Fig. 4 shows two examples that indicate possible guiding effects by fibronectin- or laminin-containing substrata on the migration of mesodermal cells. Fig. 4A shows accumulation of the mesodermal cells inside the fibronectin-coated area after one day of cell movement, with a strikingly clear border between coated and non-coated surfaces. Fig. 4B shows mesodermal cells attached to a meshwork formed by the aggregated laminin molecules. Part of the meshwork was accidentally aligned, and the mesodermal cells showed elongation and movement along the aligned fibrils by the mechanism of contact guidance.

The present study shows that mesodermal cells from X. laevis gastrulae attach to and migrate actively on surfaces coated with fibronectin or laminin. There are some differences between the modes of attachment to fibronectin- and laminin-coated substrata. Mesodermal cells adhere more strongly and move faster on the fibronectin-, than the laminin-coated surfaces. Furthermore, when there is heterogeneity in the distribution of these molecules, the cells can be guided by the mechanism of haptotaxis or contact guidance.

There is accumulating evidence that fibronectin is not only present on the extracellular fibrils on the inner surface of the gastrula ectoderm layer, but that it also actually plays a role in directed cell migration (Boucaut et al. 1984a,b). Strong attachment and active migration by mesodermal cells on a fibronectin-coated surface support these observations. There have been reports of laminin being present in place of fibronectin (Nakatsuji et al. 1985 b; Darribère et al. 1986). The present study shows that laminin can be an adequate substratum for attachment and migration by mesodermal cells, although whether it is actually playing a role in cell migration during gastrulation must be confirmed by other studies.

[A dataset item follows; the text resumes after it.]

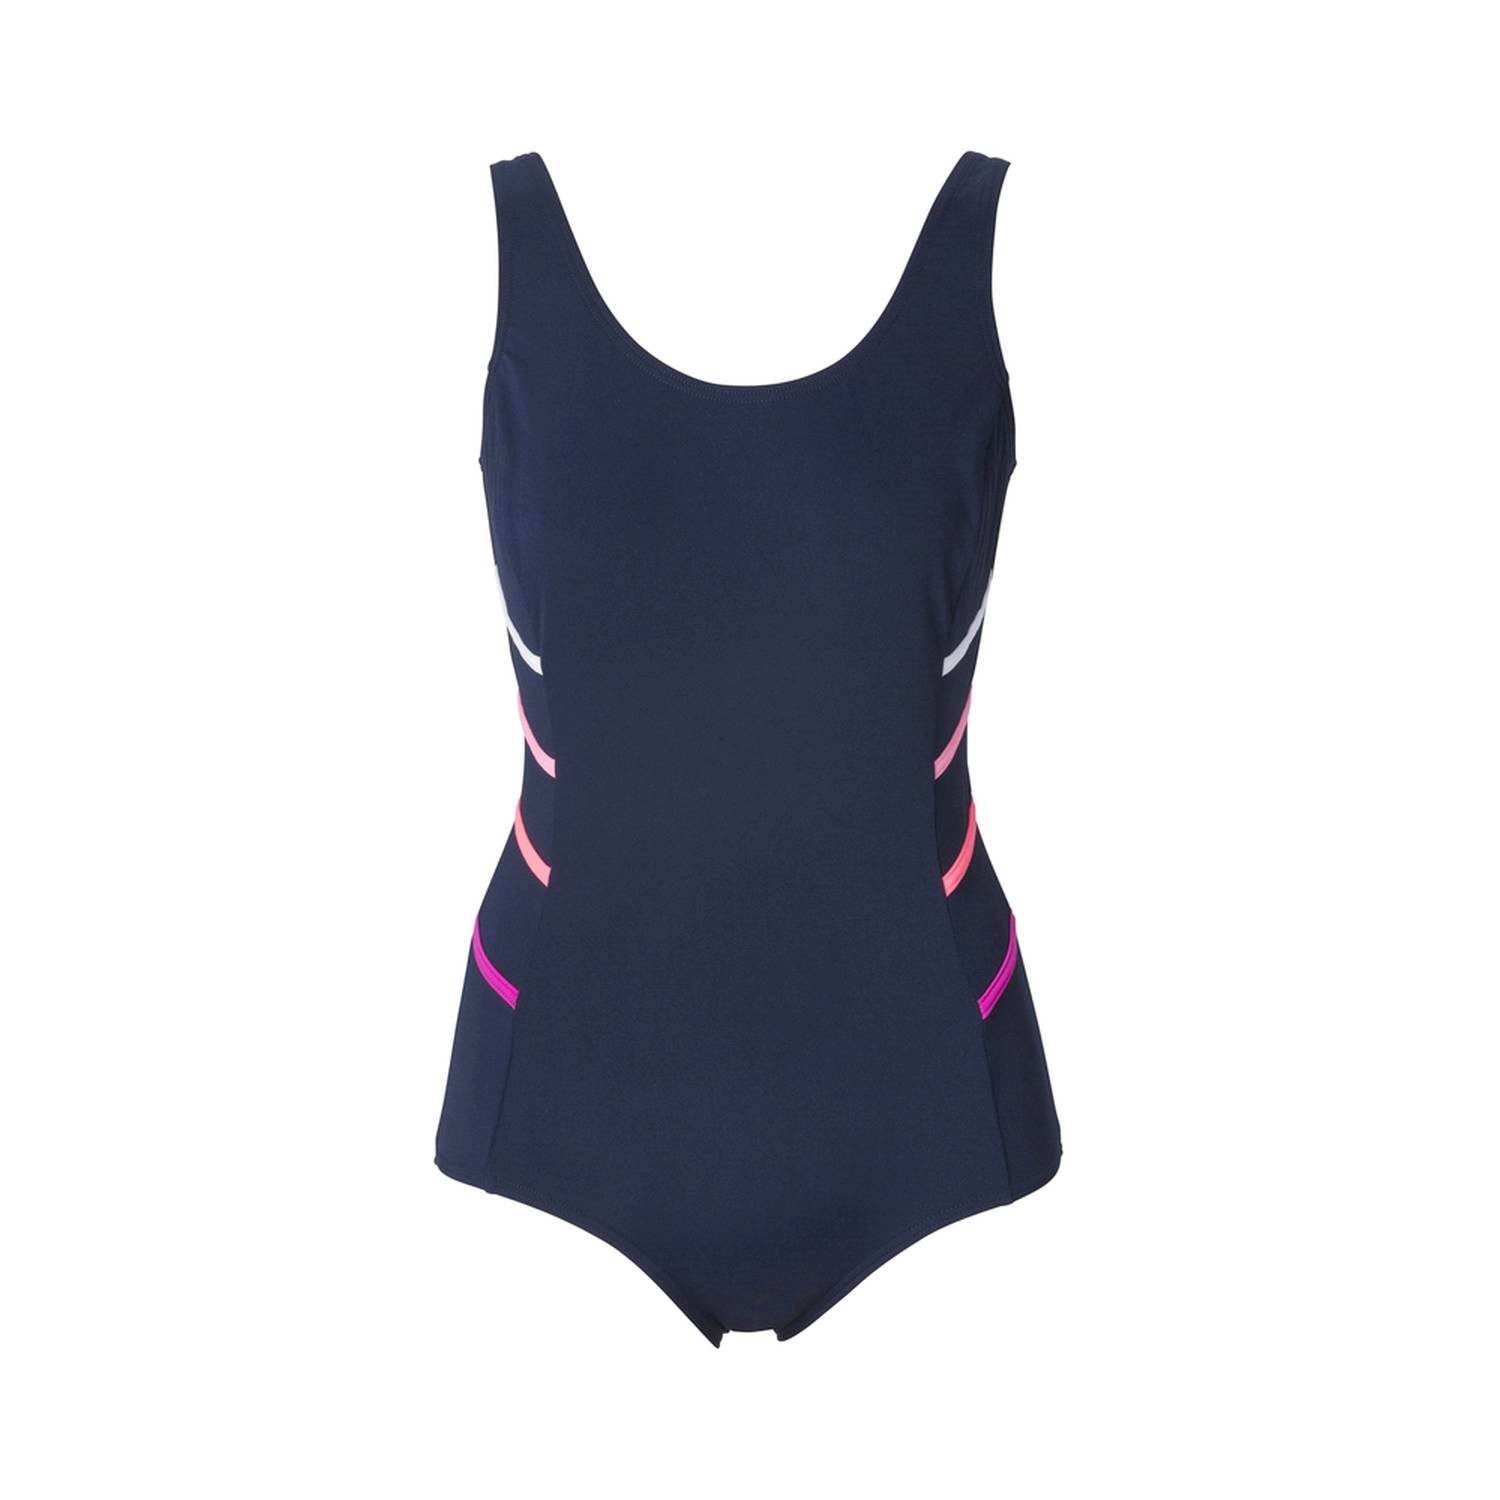 Trofe Swimsuit With Bust Lining And Stripes
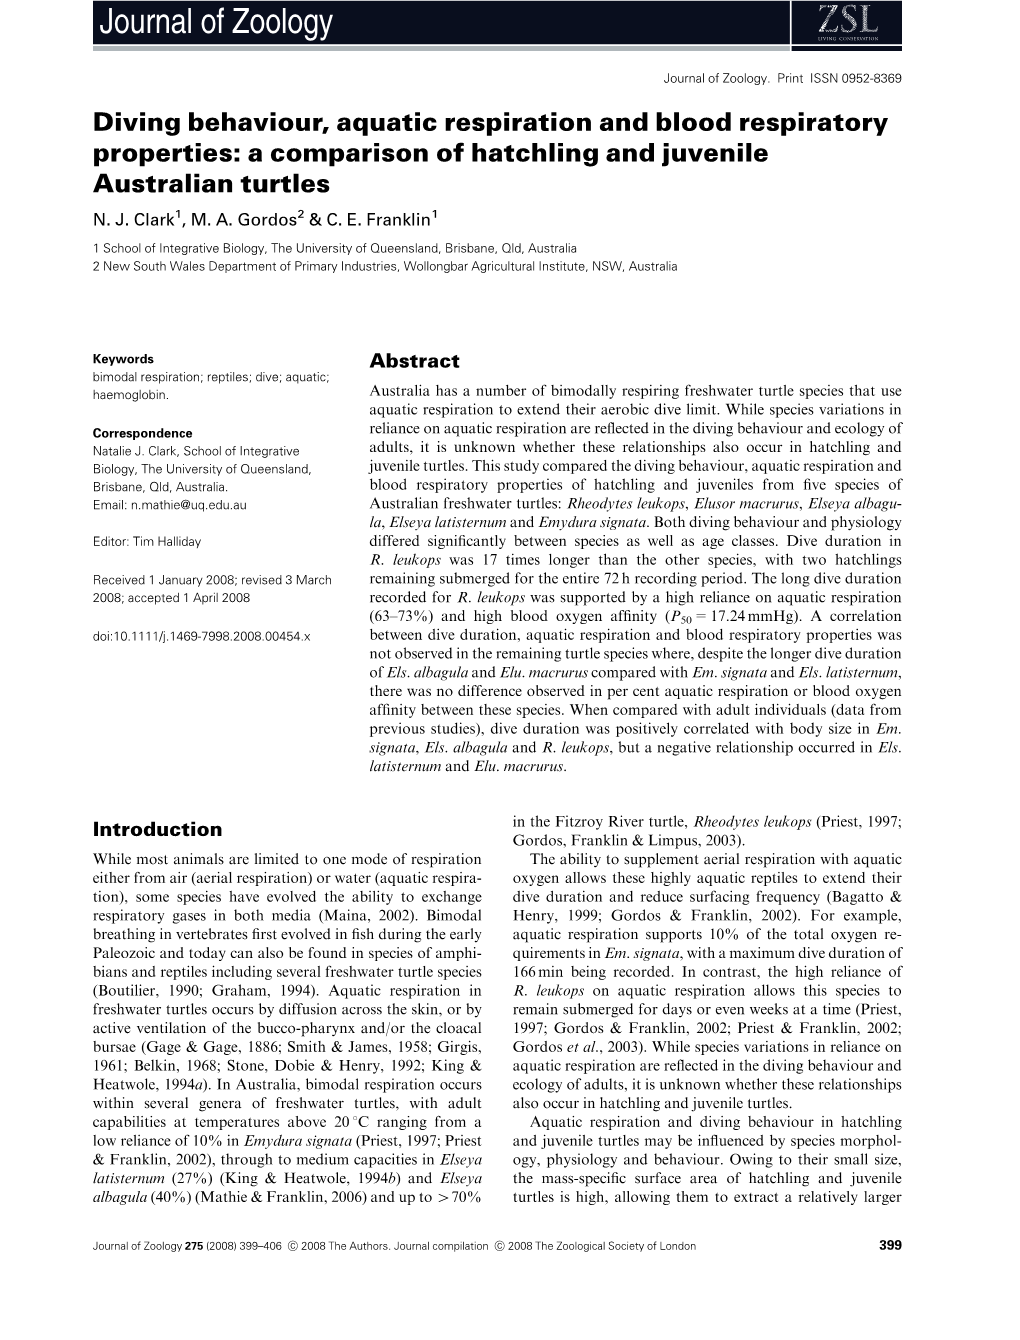 Diving Behaviour, Aquatic Respiration and Blood Respiratory Properties: a Comparison of Hatchling and Juvenile Australian Turtles N

Type IV collagen and heparan sulphate, other components of the mature basement membrane, did not serve as good substrata for cell adhesion. There are no reports concerning the presence or absence of these molecules in amphibian gastrulae. There are several possibilities. The first is that there are no such molecules in gastrulae and they are not playing any role in gastrulation. The second is that these molecules are present in amphibian gastrulae but are not involved in cell adhesion. For example, type IV collagen is a good candidate for assembling fibrils, adsorbing fibronectin and laminin molecules on its surface, but by itself does not form an adhesion site for mesodermal cells. The third possibility is that they are present and playing roles in gastrulation, but that these molecules isolated from mouse tumour and bovine kidney are different from their amphibian counterparts, and thus do not work properly. More evidence is needed to decide which is the case.

I thank Izumi Fuketa for excellent technical assistance. A batch of Bufo eggs was collected by Yuzo Kadokawa. Type IV collagen was a gift from Nitta Gelatin Co., Ltd.